High Fidelity (HiFi) Taq DNA Polymerase is an enzyme blend of recombinant Pfu and recombinant Taq DNA Polymerase with an efficient proofreading 3’ – 5’ exonuclease activity for improved PCR reactions. High Fidelity Taq DNA Polymerase is an efficient enzyme mixture that greatly increases fidelity and amplification of genomic targets up to 10 kb with high specificity, sensitivity, accuracy, and yield.
Advantages (Cat.# HT050)
- Proofreading 3’ – 5’ exonuclease activity
- High Fidelity
- Recombinant sourced Taq DNA Polymerase
- Format: 500 U
- Amplification: genomic targets up to 10 kb
- Storage: -20ºC for extended periods
- Shipping: 2-8ºC (dry ice is not required)
- 3' – 5' Exonuclease Proofreading Ability: YES
- 5' – 3' Exonuclease Activity: YES
Full-length Gene Amplification, Gene Mutation Detection, L-PCR, PCR-ELISA
HiFi Taq DNA Polymerase is expressed and purified from an E. coli strain which carries the Taq DNA Polymerase gene from Thermus aquaticus.

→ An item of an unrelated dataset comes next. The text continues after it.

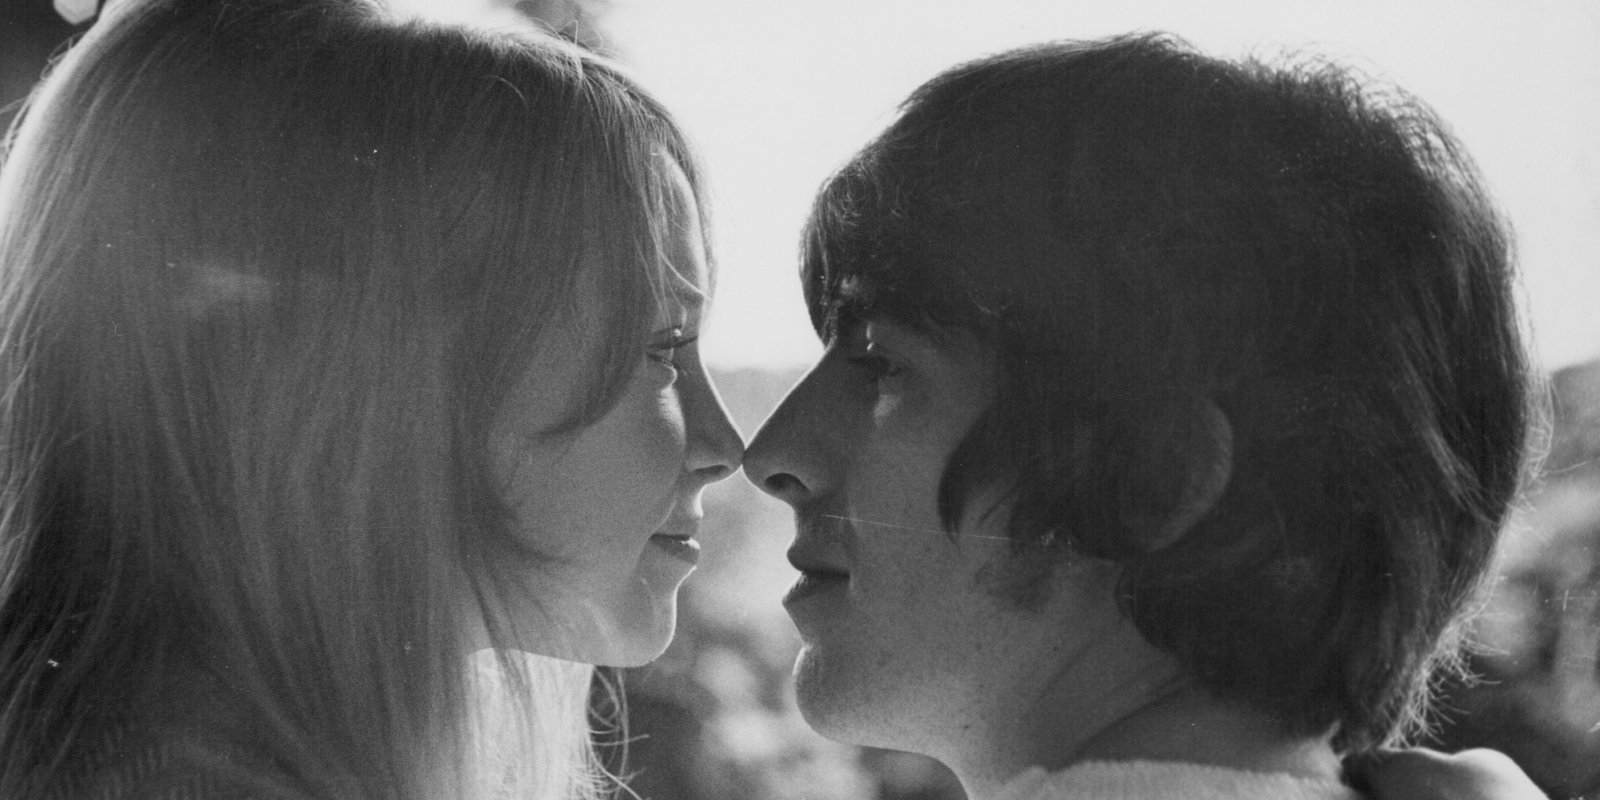 Pattie Boyd and George Harrison photographed in Barbados in 1966.

Storage Buffer: 20 mM Tris-HCl, pH8.8, 0.1 mM EDTA, 1 mM DTT, 1.0% Triton X-100, 50% Glycerol.
10X PCR Buffer: 100 mM KCl, 20 mM MgSO4•7H2O, 200 mM Tris-HCl, pH8.8, 1.0% Triton X-100, 100 mM (NH4)2SO4, 1 mg/ml BSA. KCl and (NH4)2SO4 are included in 10X PCR Buffer in order to both increase annealing temperature range and increase varying Mg2+ concentration tolerance.
One unit catalyzes the incorporation of 10 nmol of dNTP into acid insoluble form in 30 minutes at 70ºC.
The quality of HiFi Taq DNA Polymerase is tested on a lot-to-lot basis according to Geneaid's ISO-certified quality management system. PCR is used to ensure consistent amplification of genomic targets using HiFi Taq DNA Polymerase.